Alexander Graham Bell, the influential inventor of the telephone and a close friend of the Keller family, declared Helen's abilities miraculous to anyone who would listen. Keller's autobiography was serialized in the Ladies' Home Journal when she was only twenty-two years of age, and it was reprinted multiple times after it appeared in bound form in 1903.

Helen Keller knew presidents, writers, and world leaders. Her work as a fundraiser for the American Foundation for the Blind put her in front of cheering crowds across America and the world. She was, by the way, an unabashed Socialist—a fact that's overlooked in most tellings of her story. In fact, the Nazis burned her books in Germany during the 1930s. I don't know about you, but I think it's a pretty good day when Hitler unfriends you on Facebook!

Fourth, and finally, Helen Keller was a genius. She really knew how to string words together into a great quote. I'll share three of my favorites

"Alone we can do so little, together we can do so much."

"I'm only one, but still I am one. I cannot do everything, but still I can do something. And because I cannot do everything, I will not refuse to do something that I can do."

"Security is mostly a superstition. It does not exist in nature, nor do the children of men as a whole experience it. Avoiding danger is no safer in the long run than outright exposure. Life is either a daring adventure or nothing."
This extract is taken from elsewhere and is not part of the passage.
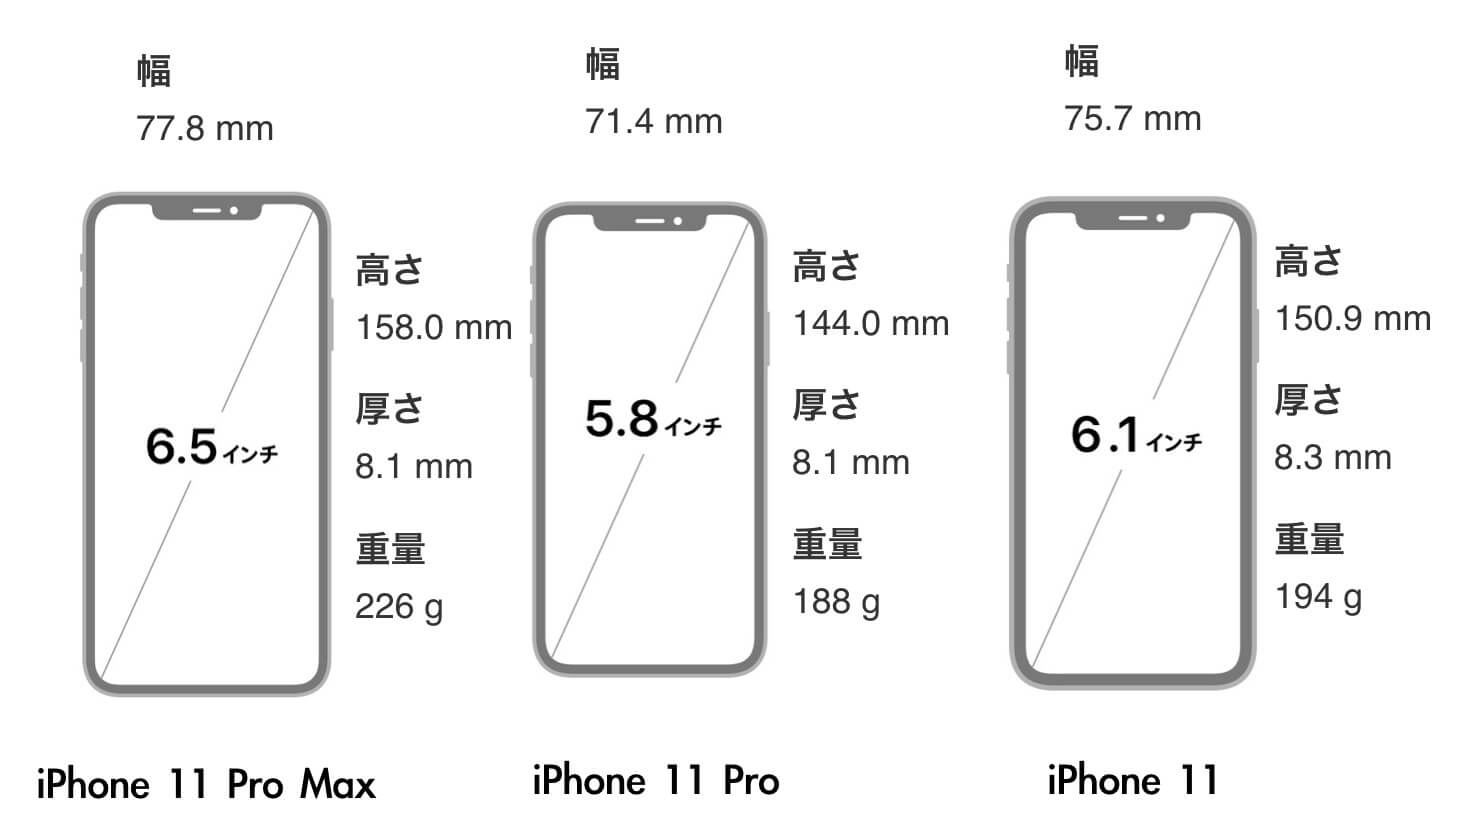 Iphone 11 Pro Max размер дисплея. Iphone 11 Pro размер в дюймах. Айфон 11 размер экрана в сантиметрах. Айфон 11 габариты диагональ.

By the time Helen Keller died in 1968, she was the most famous blind person the world had ever known and one of the most famous women of any stripe or ability. And so as we sought for a way to tell the story of education of the blind and to market that story to an oblivious world, we finally succumbed to the charisma that is Helen. We decided to use Helen Keller's story as a lens to explore the roots of education for people who are blind or visually impaired.

Anne Sullivan was writing to her mentor at the Perkins School, Michael Anagnos, in 1891 about her work with Helen. She wrote, "For the first two years of her intellectual life, she was like a child in a strange country." Anne realized that no learning was possible until Helen could overcome the communication barriers posed by blindness and deafness. We decided that was a good metaphor for all education. We're all, at some point, children in a strange country, unable to understand what we're trying to be taught, until the teacher finds that special language that reaches out to us.
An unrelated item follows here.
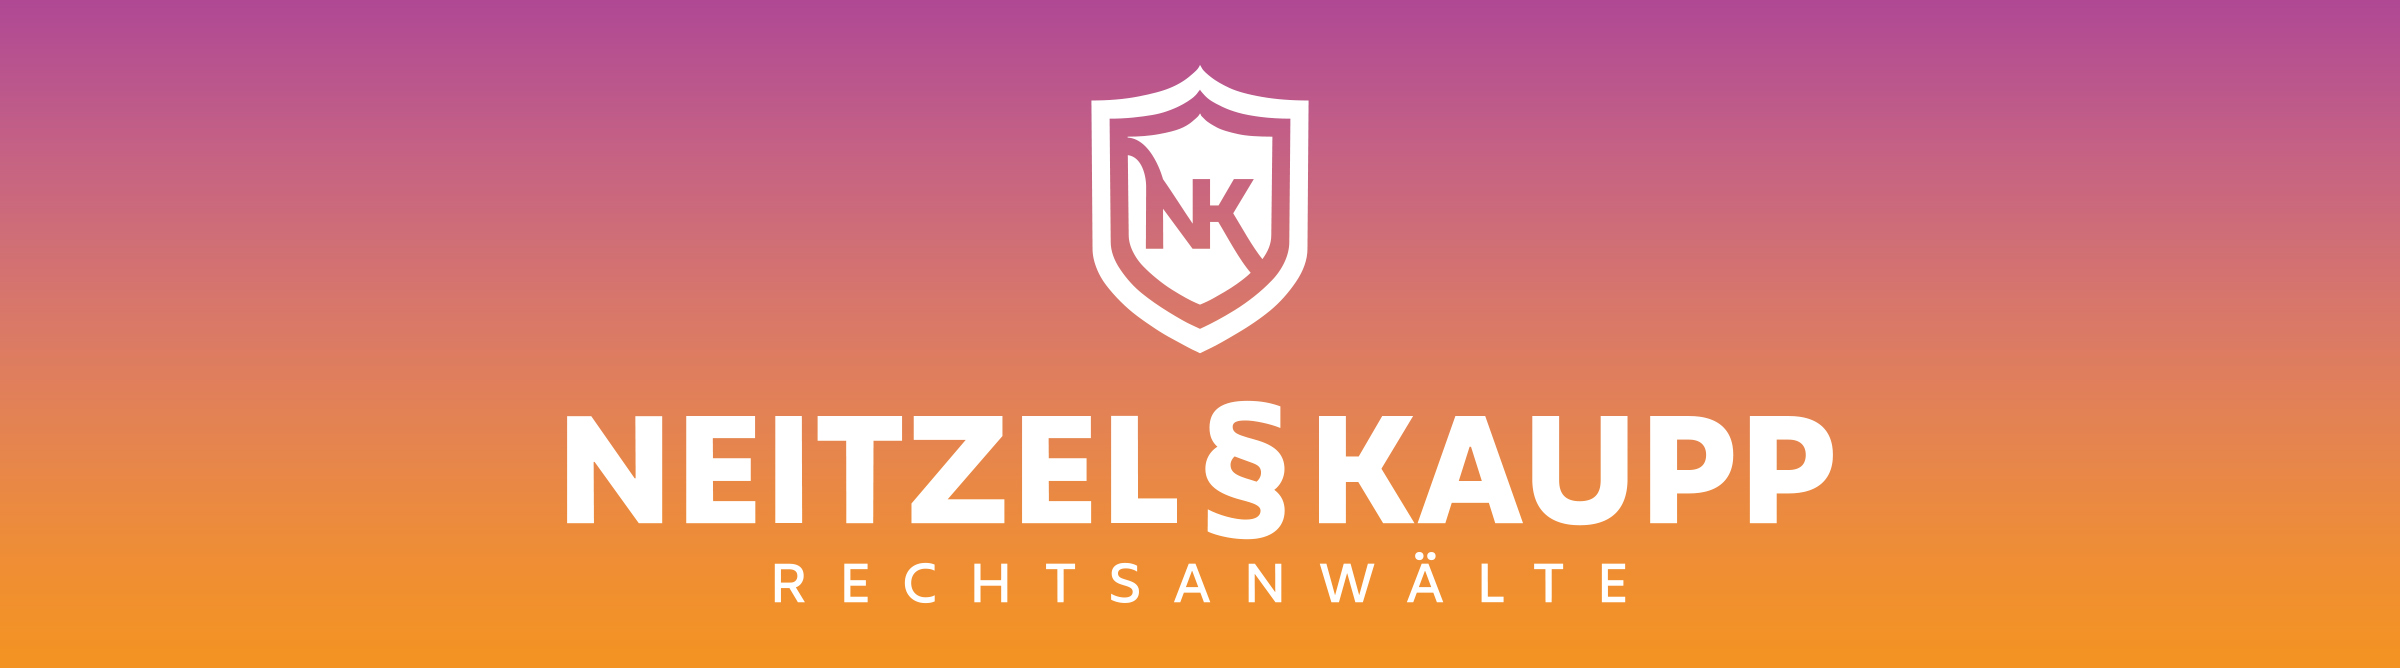 Neitzel § Kaupp Banner mit Wappen

Our traveling exhibit, "Child in a Strange Country," uses Helen's story as a lens to explore the gap between a population that knows only one moment, that moment at the water pump.

There's not nearly enough room for all the events that have shaped the history of education and rehabilitation over the last few centuries. Any good story starts out with "once upon a time." Once upon a time, things were much different from what they are now. Blind people, whether blind from injury or genetics, were broadly thought of as cursed, unlucky, unproductive, helpless, useless burdens on society—do I need to go on? At any time before 1800, their likely occupation outside the family group was primarily in roadside philanthropy. Now there were a few Greek philosophers, such as Hypocrites, who argued for a rational understanding of disease and disability, but most of that thinking was swept away by the fall of the Roman Empire. Martin Luther wrote, "regarding all illness and disease as being the works of Satan." Anyone who argued for the rights of the disabled could be accused of witchcraft and sin.

If Helen Keller's story is a juicy way to start a dialogue between the sighted world and that of folks with the physical limitation of vision loss, we also have to acknowledge that, for every eureka moment at the water pump, there are countless moments of quiet despair and frustration. There are mind-numbing committee meetings and efforts that fail in small ways and succeed in small ways. These will never make the history books.

A pretty girl and the magic of a eureka moment trump a history book every time.